● **WHAT YOU WILL DO**
Repeat the span of the entries below that starts at the line with "Mammoth Cave National" and ends at the line with "Boneca Hello Kitty", nothing more. Skip the pictures.

● **RECORDS FOR PROCESSING**
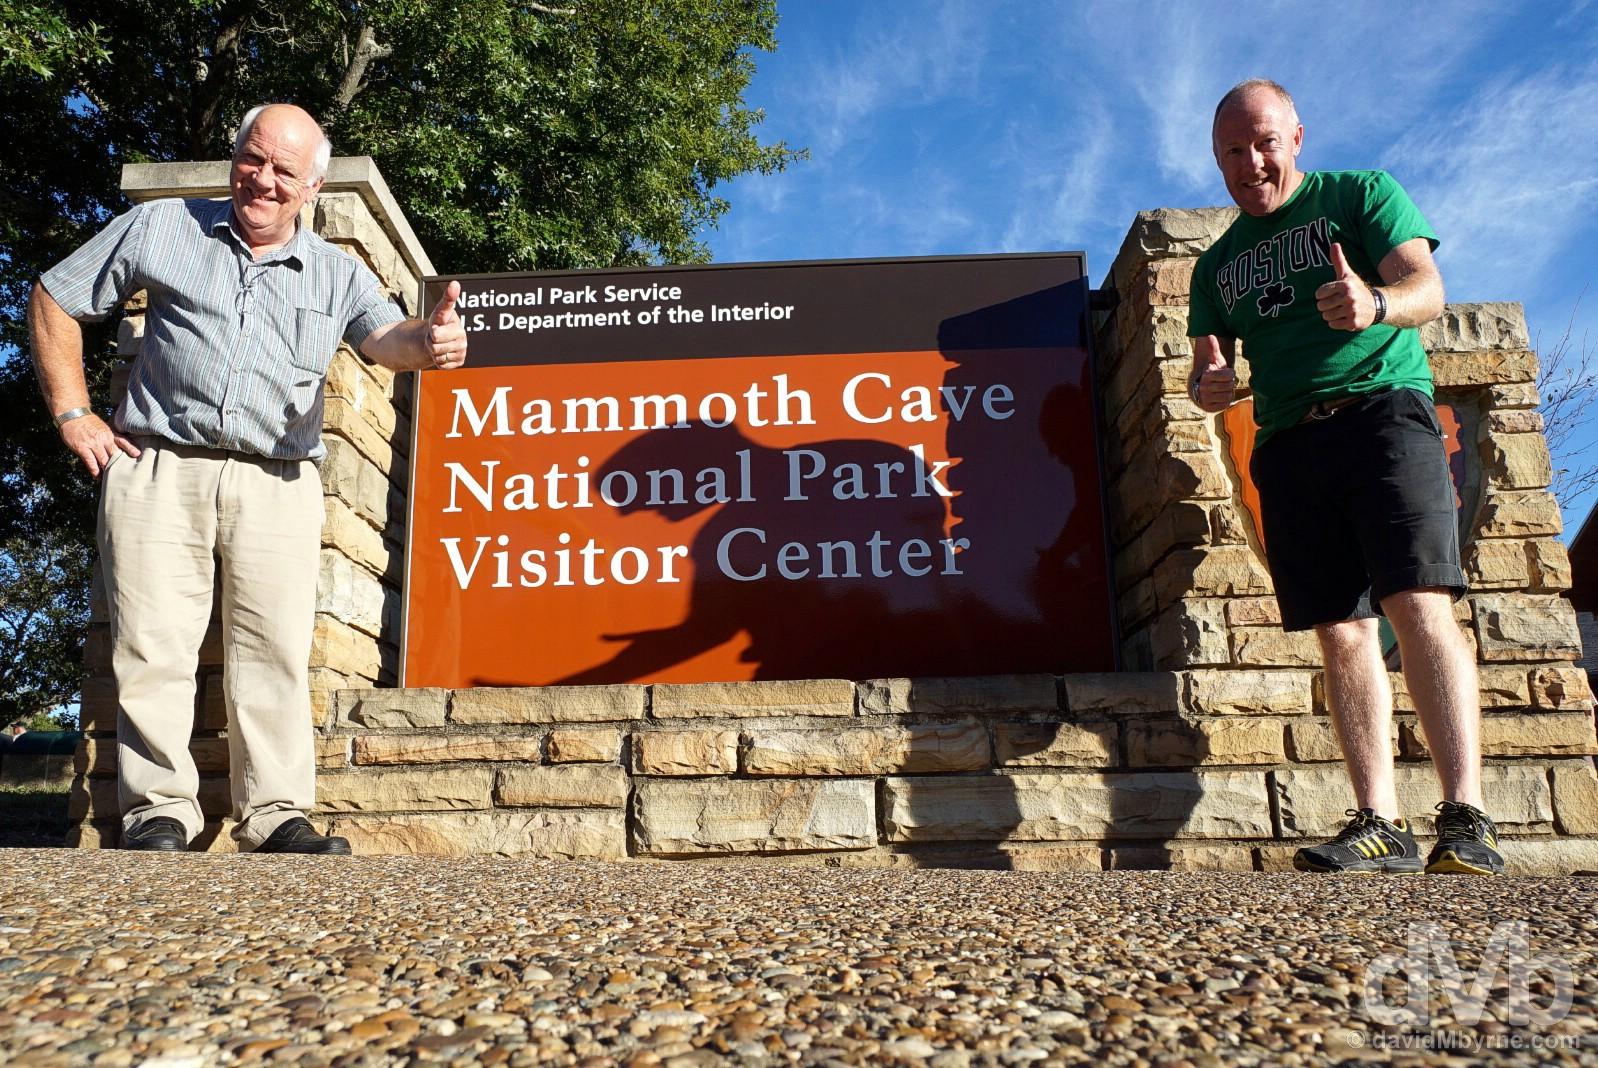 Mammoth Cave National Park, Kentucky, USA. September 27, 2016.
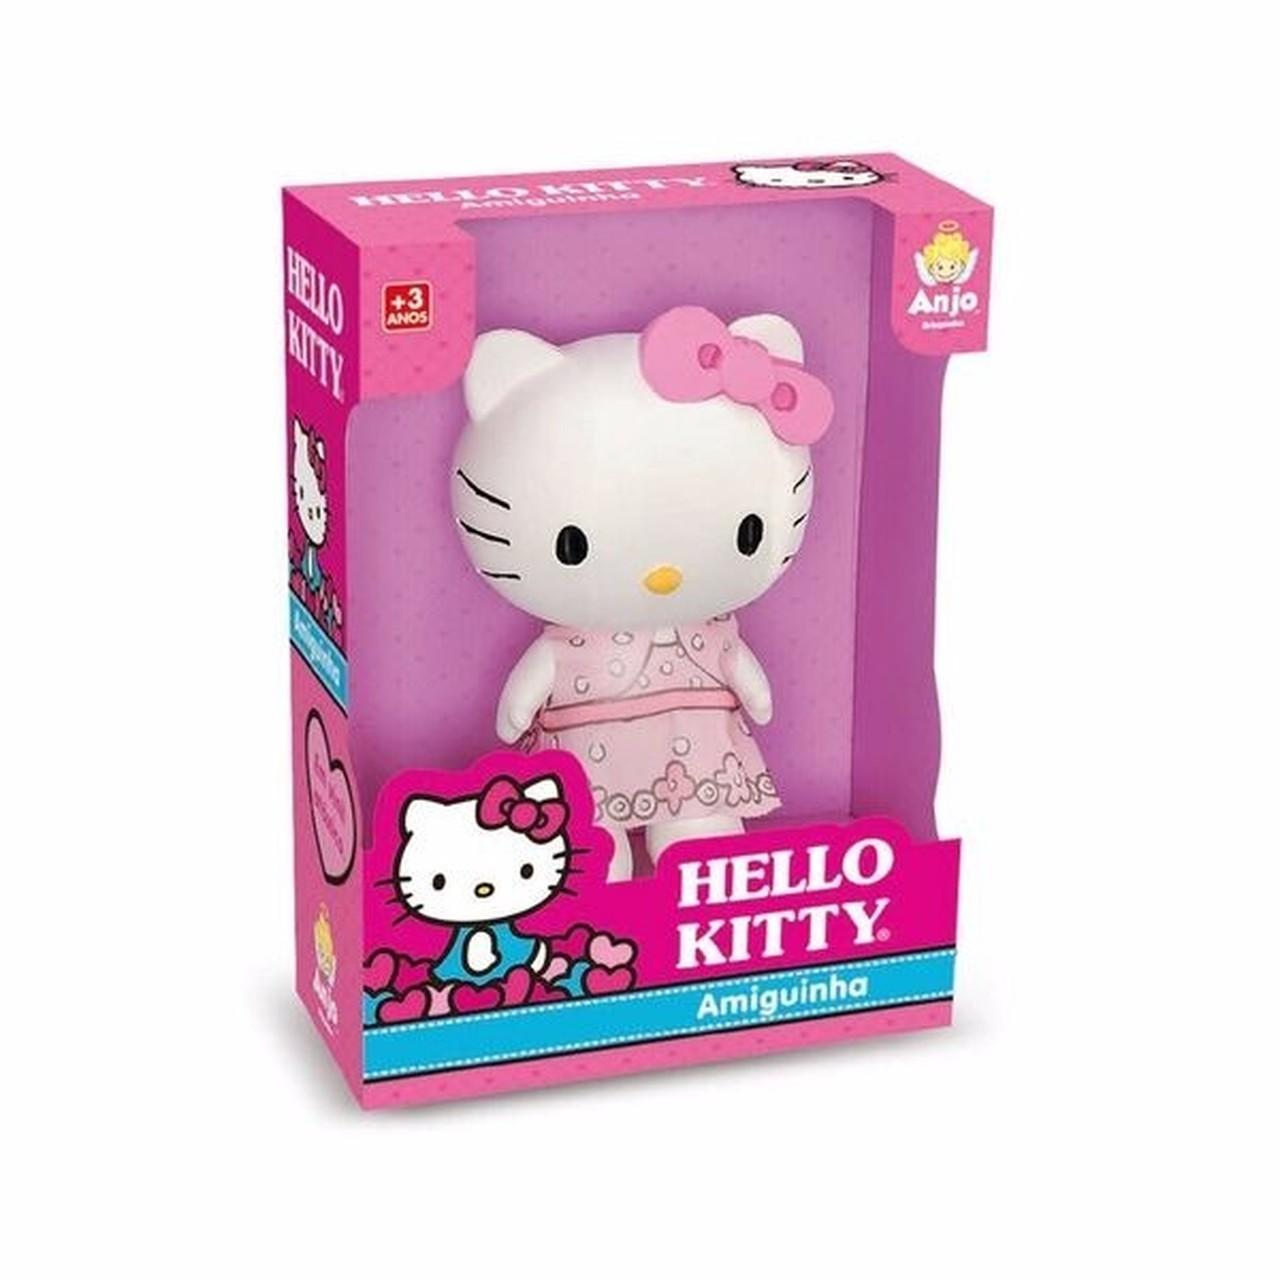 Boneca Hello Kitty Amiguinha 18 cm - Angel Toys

==

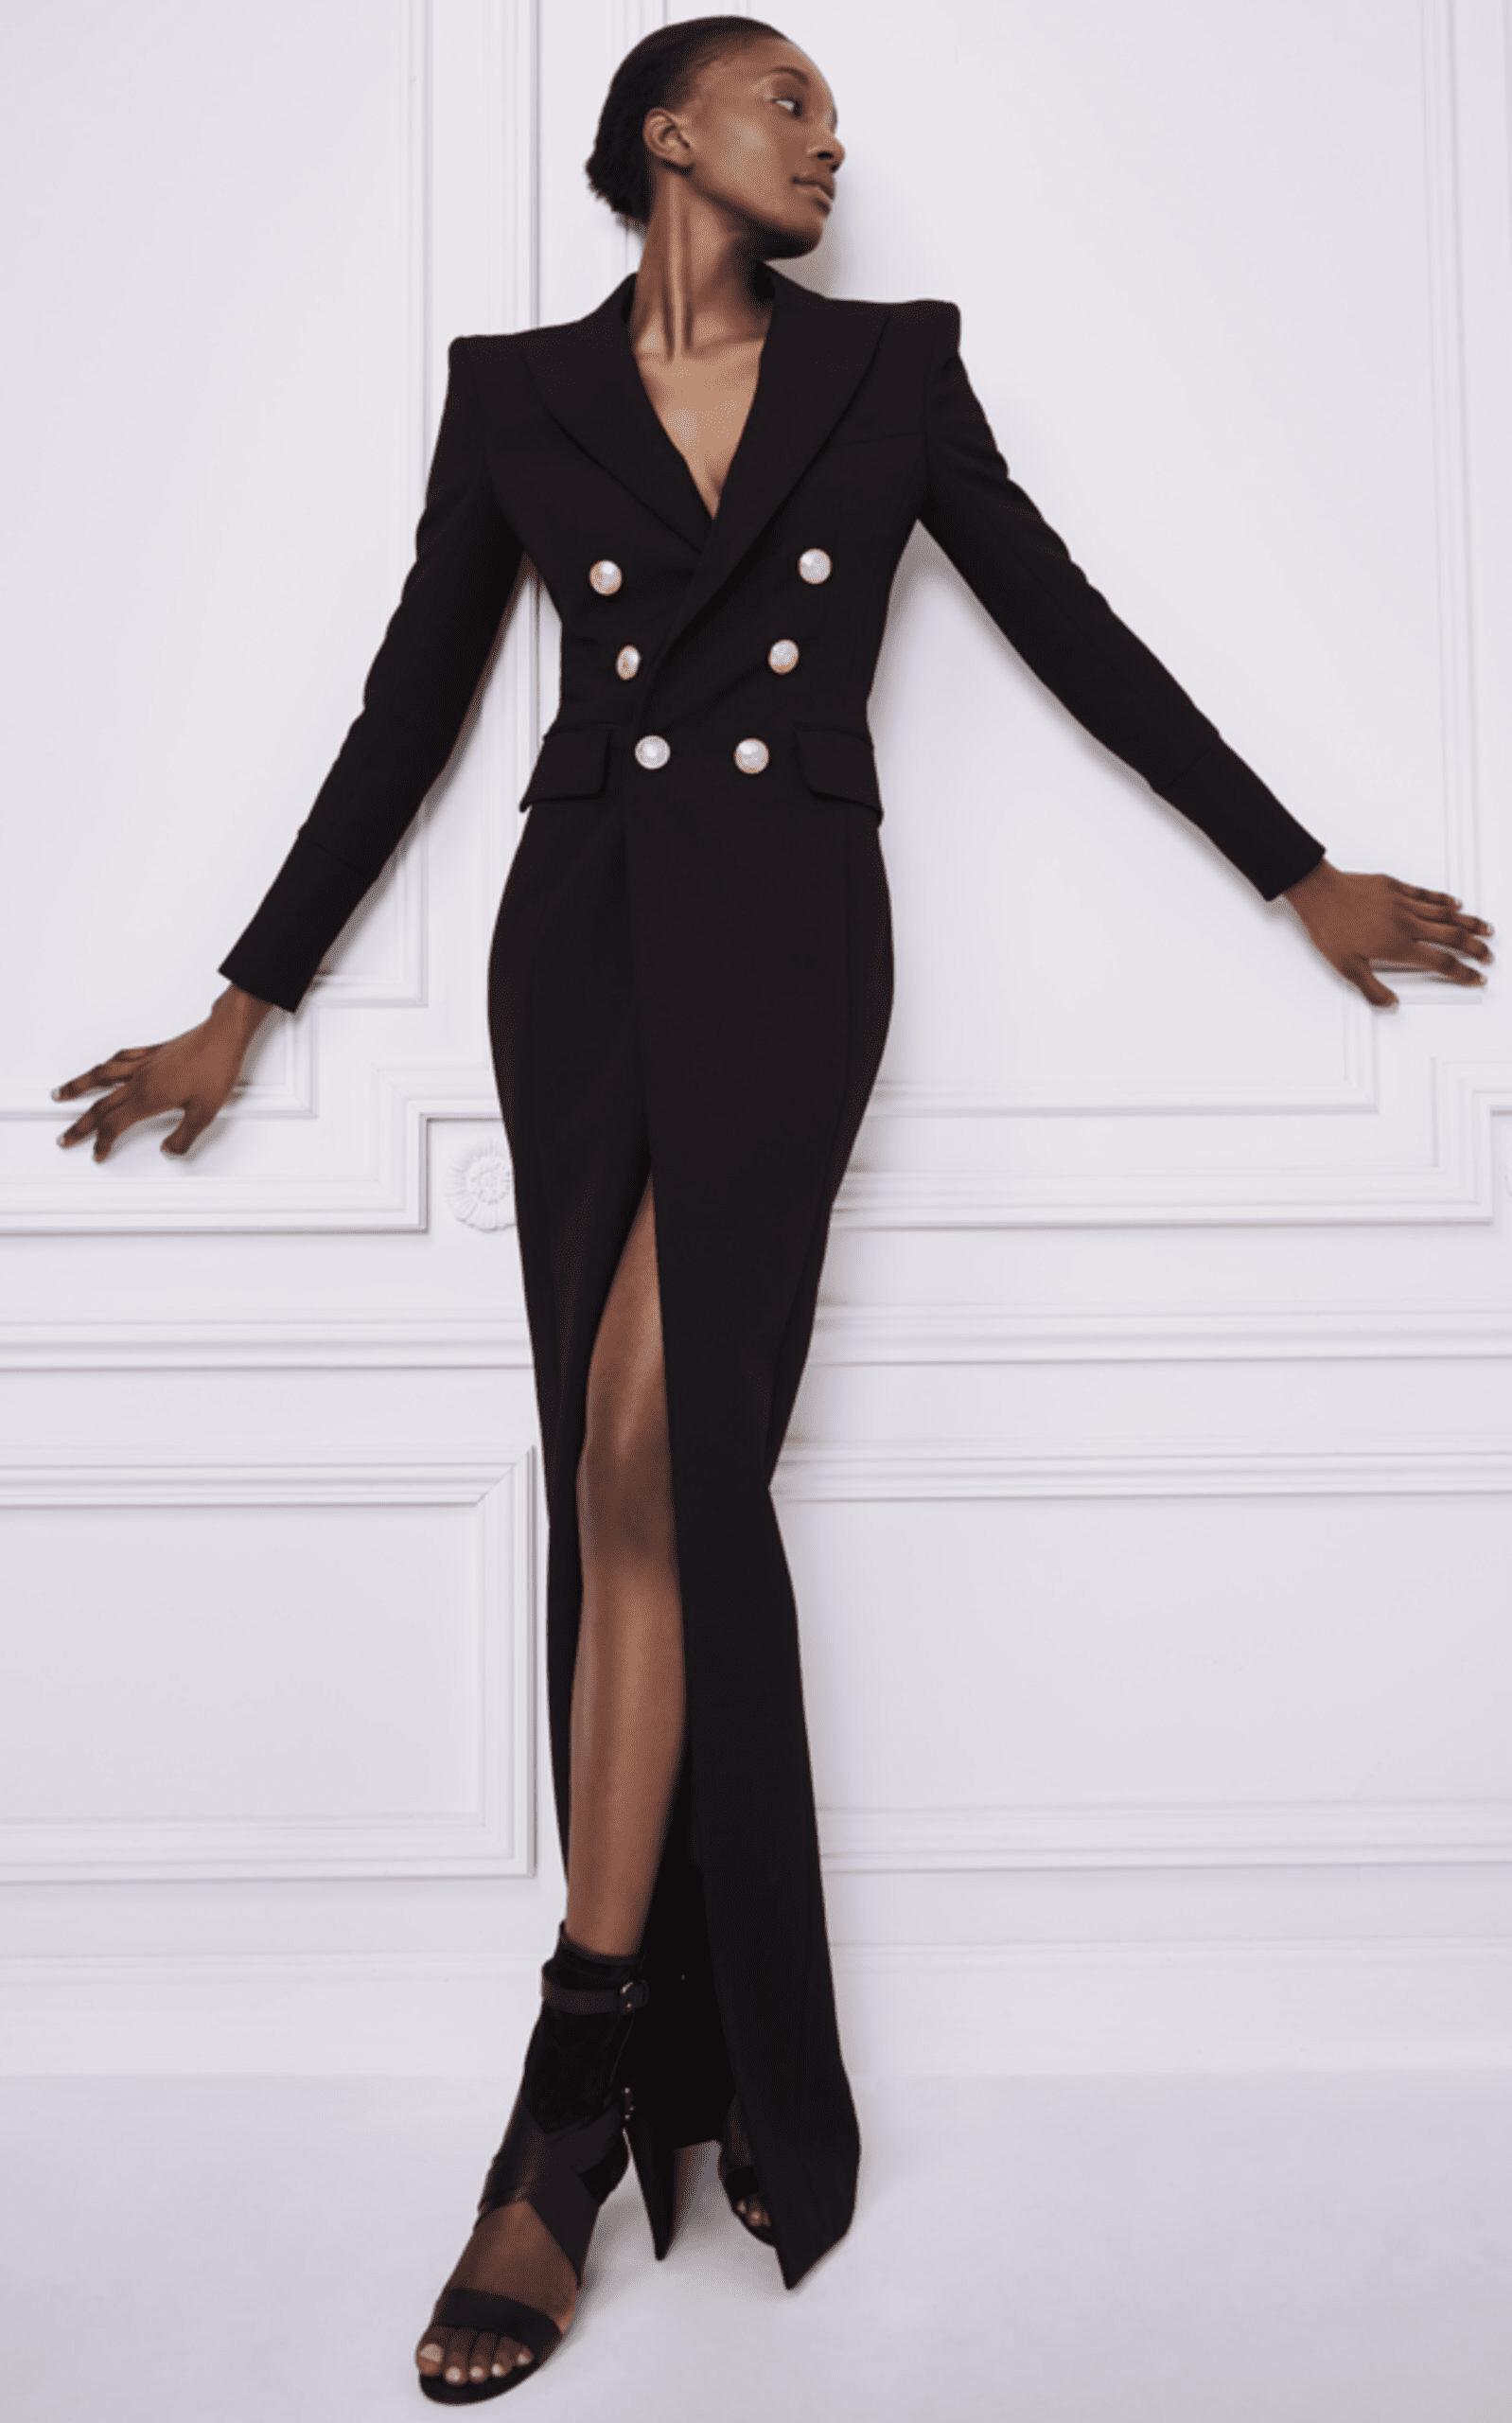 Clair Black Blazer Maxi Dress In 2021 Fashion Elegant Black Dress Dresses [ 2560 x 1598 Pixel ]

● **ANSWER SECTION**
 Mammoth Cave National Park, Kentucky, USA. September 27, 2016.
 Boneca Hello Kitty Amiguinha 18 cm - Angel Toys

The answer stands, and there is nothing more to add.